Though rous'd by that dark Vizir Riot rude
    Have driven our o'er the Ocean swell;
    Though Superstition and her wolfish brood
Bay his mild radiance, impotent and fell;

Calm in his halls of brightness he shall dwell!
    For lo! at his strong behest
    Starts with mild anger from the Papal spell,
And flings to Earth her tinsel-glittering vest,

Her mitred State and cumbrous Pomp unholy;
    And wakes to bid th' Oppressor wail
    Insulting aye the wrongs of patient Folly;
And from her dark retreat by Wisdom won

Meek slowly lifts her matron veil
To smile with fondness on her gazing Son!
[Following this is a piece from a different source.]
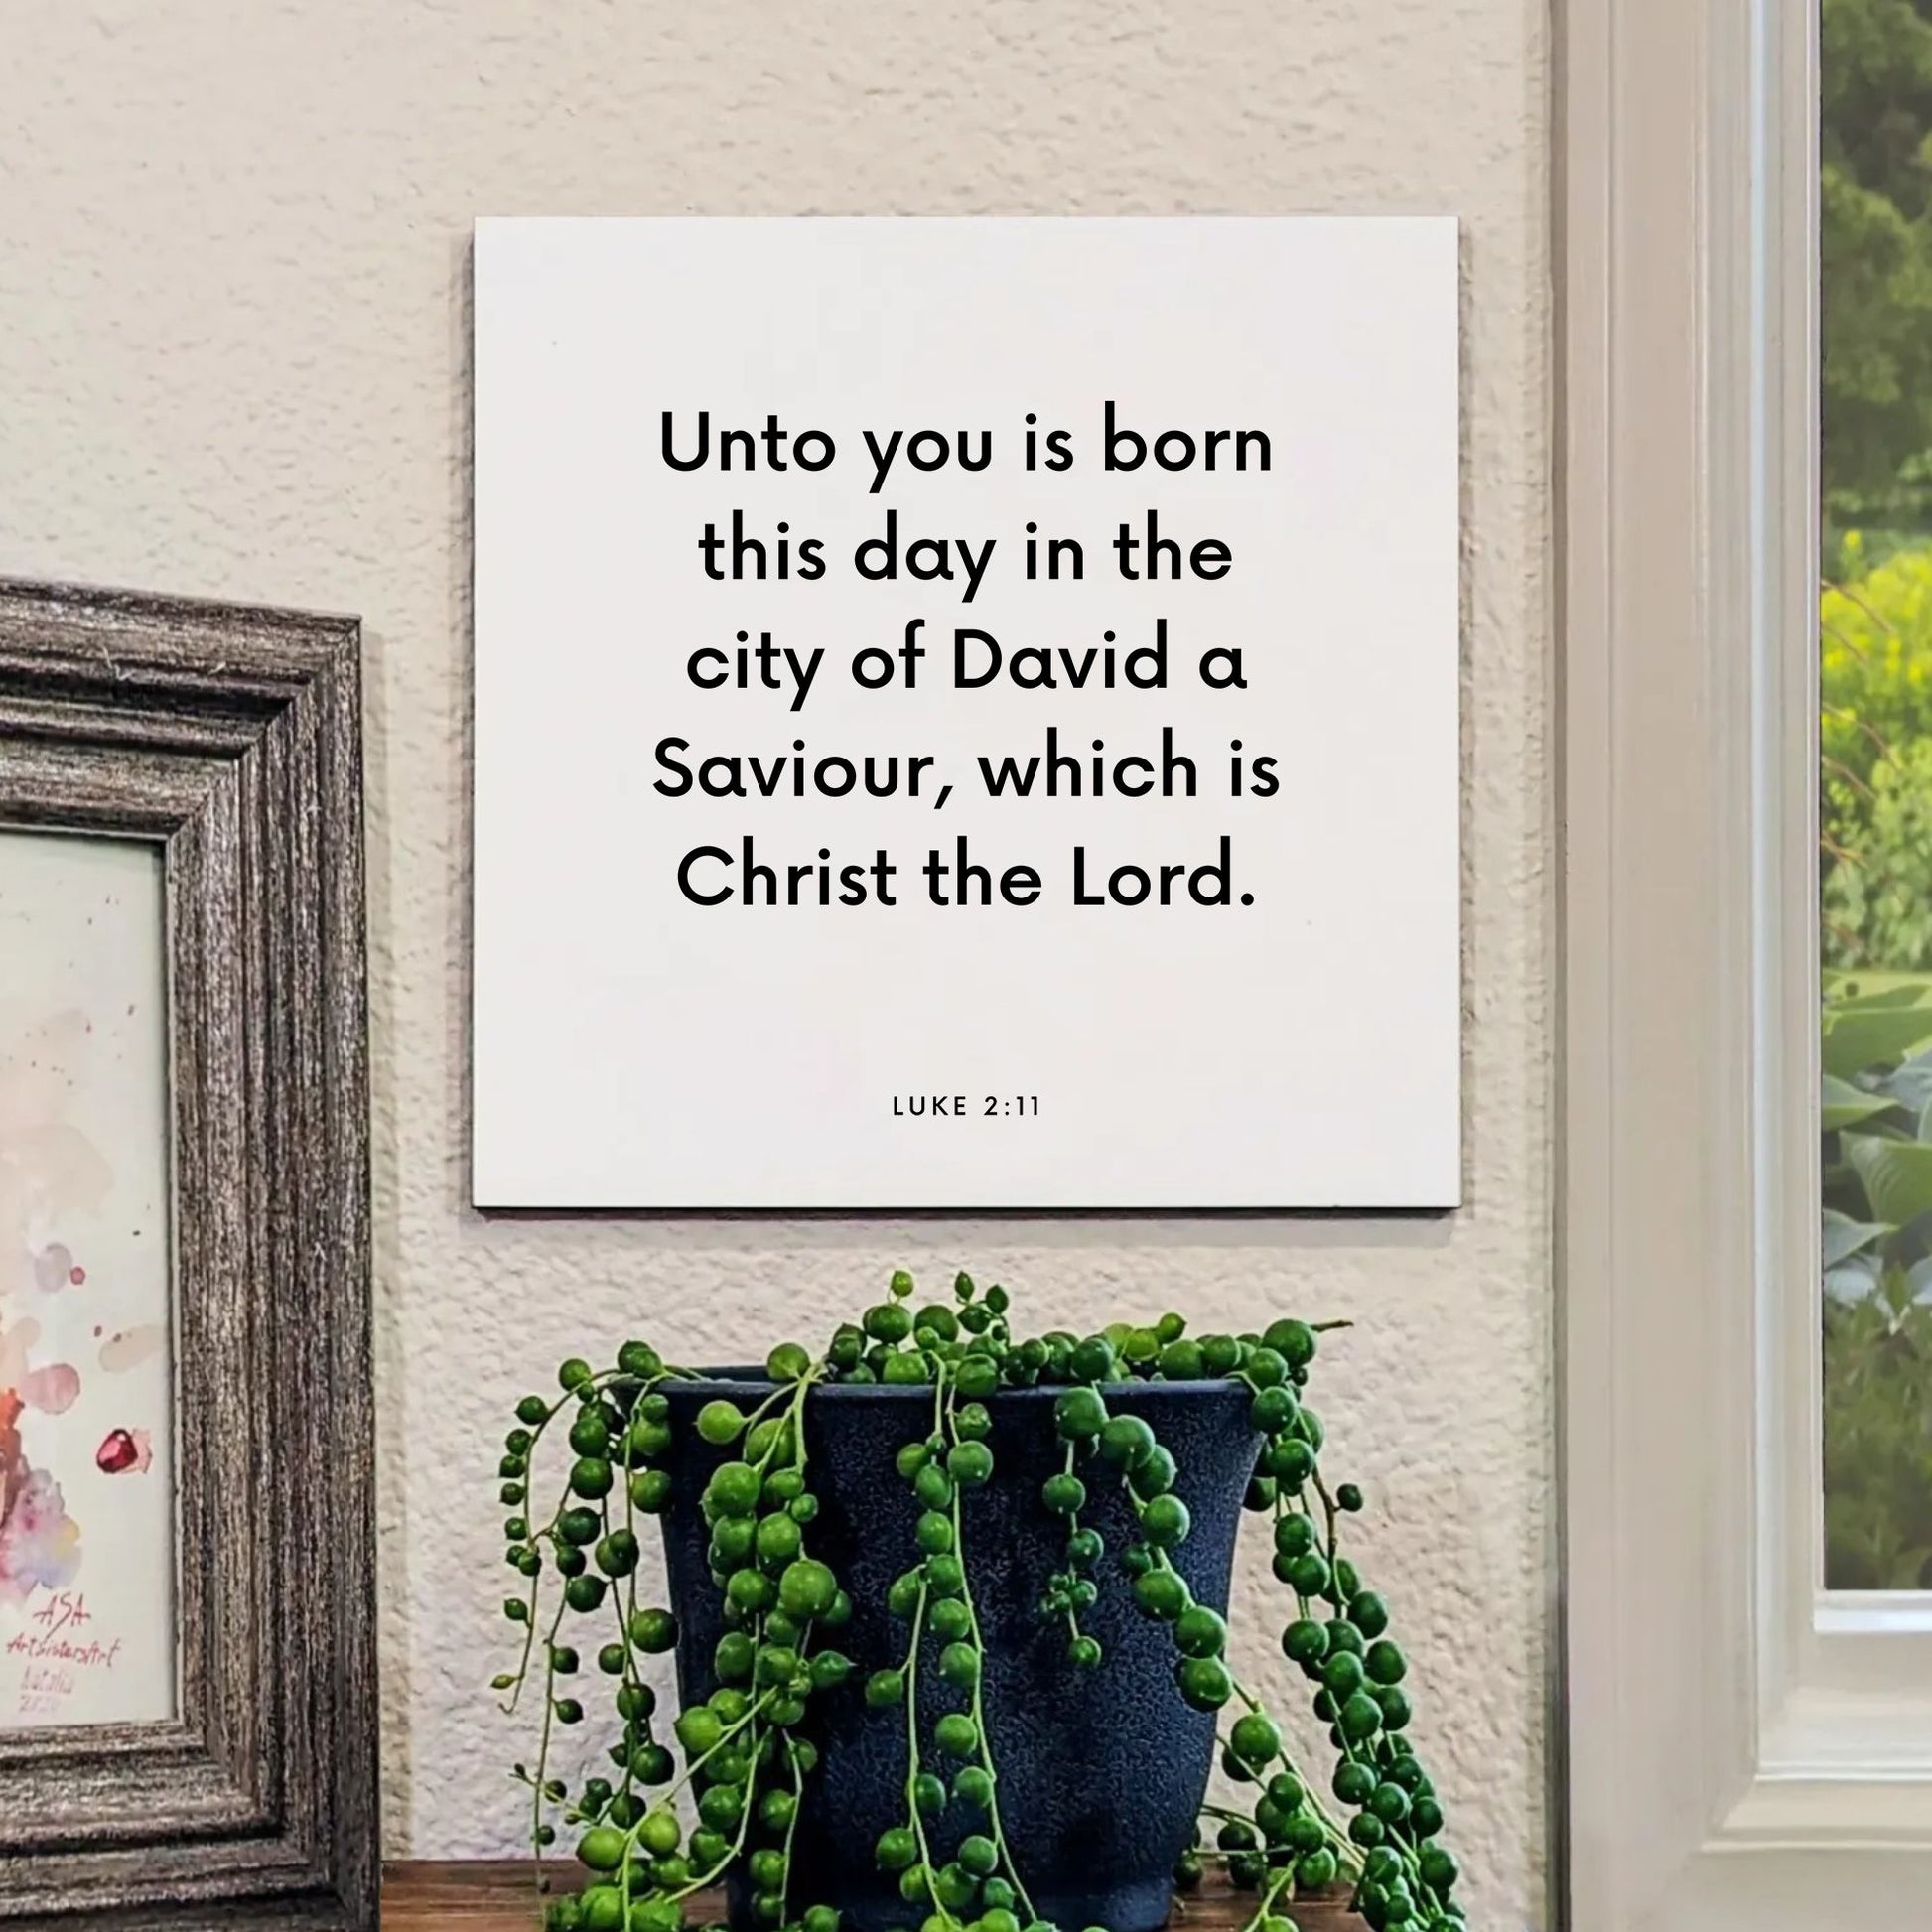 Window mouting of the scripture tile for Luke 2:11 - "Unto you is born this day in the city of David a Saviour"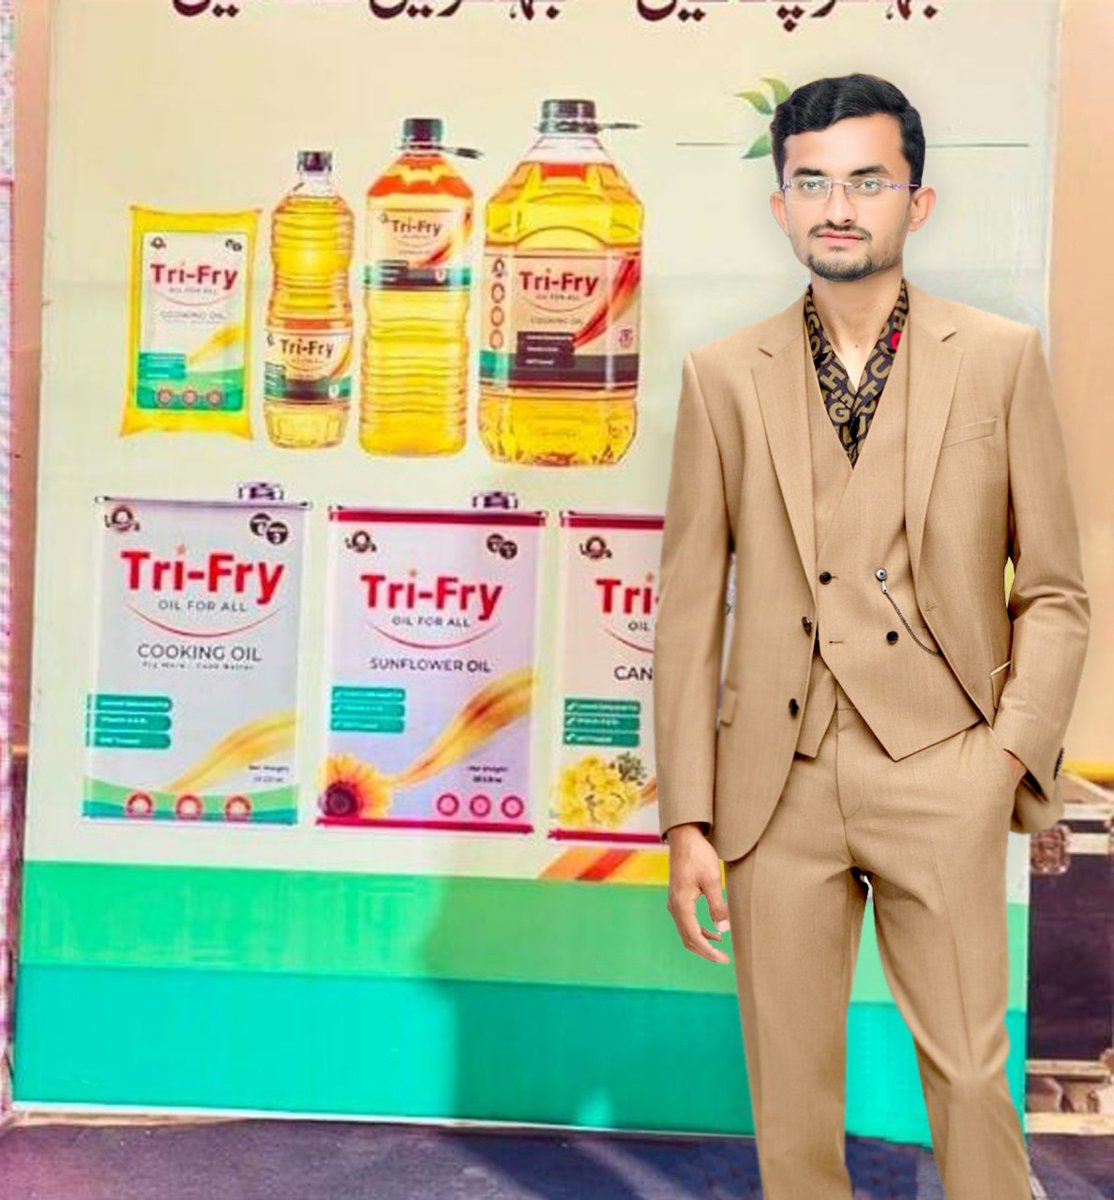 'DISCOVER THE NEW LEVEL OF TASTE & HAPPINESS' Your kitchen's best companion! بہتر پکائیں - بہترین کھائیں @tri_fry oil for all 🤩

The original first line read "Tho' King-bred rage, with lawless uproar rude", the original seventh line read "Disdainful rouses from the Papal spell", and the original eleventh line read "That ground th' ensnared soul of patient Folly".

==Themes==
Like many of the Sonnets on Eminent Characters, "To Priestley" was dedicated to an individual that Coleridge viewed as one of his heroes. The imagery within the poem corresponds to the ideas in "To Burke" with an emphasis on Priestley being a defender of freedom and without flaws. The original line 1 of the poem described the royalty's role in the events leading up to the destruction of Priestley's home. The revised version describes John Reeves as the "dark Vizir" or, in the 1796 edition, describes Pitt.

Coleridge's views on Priestley appear in many of his works, including Religious Musings written at the end of 1794. John Bowring, in an 1830 review for the Westminster Review, emphasized how the poem served to represent a transitional stage in Coleridge's poetic career: "Happily he soon ascended into a purer region of fancy; and that not without leaving the print of his steps in the clay from which he sprung. The personifications in his Sonnet on the expatriation of Dr. Priestley, are as good as such things can be. The concluding reference to Priestley's philosophical discoveries, might suggest a noble group for the sculptor."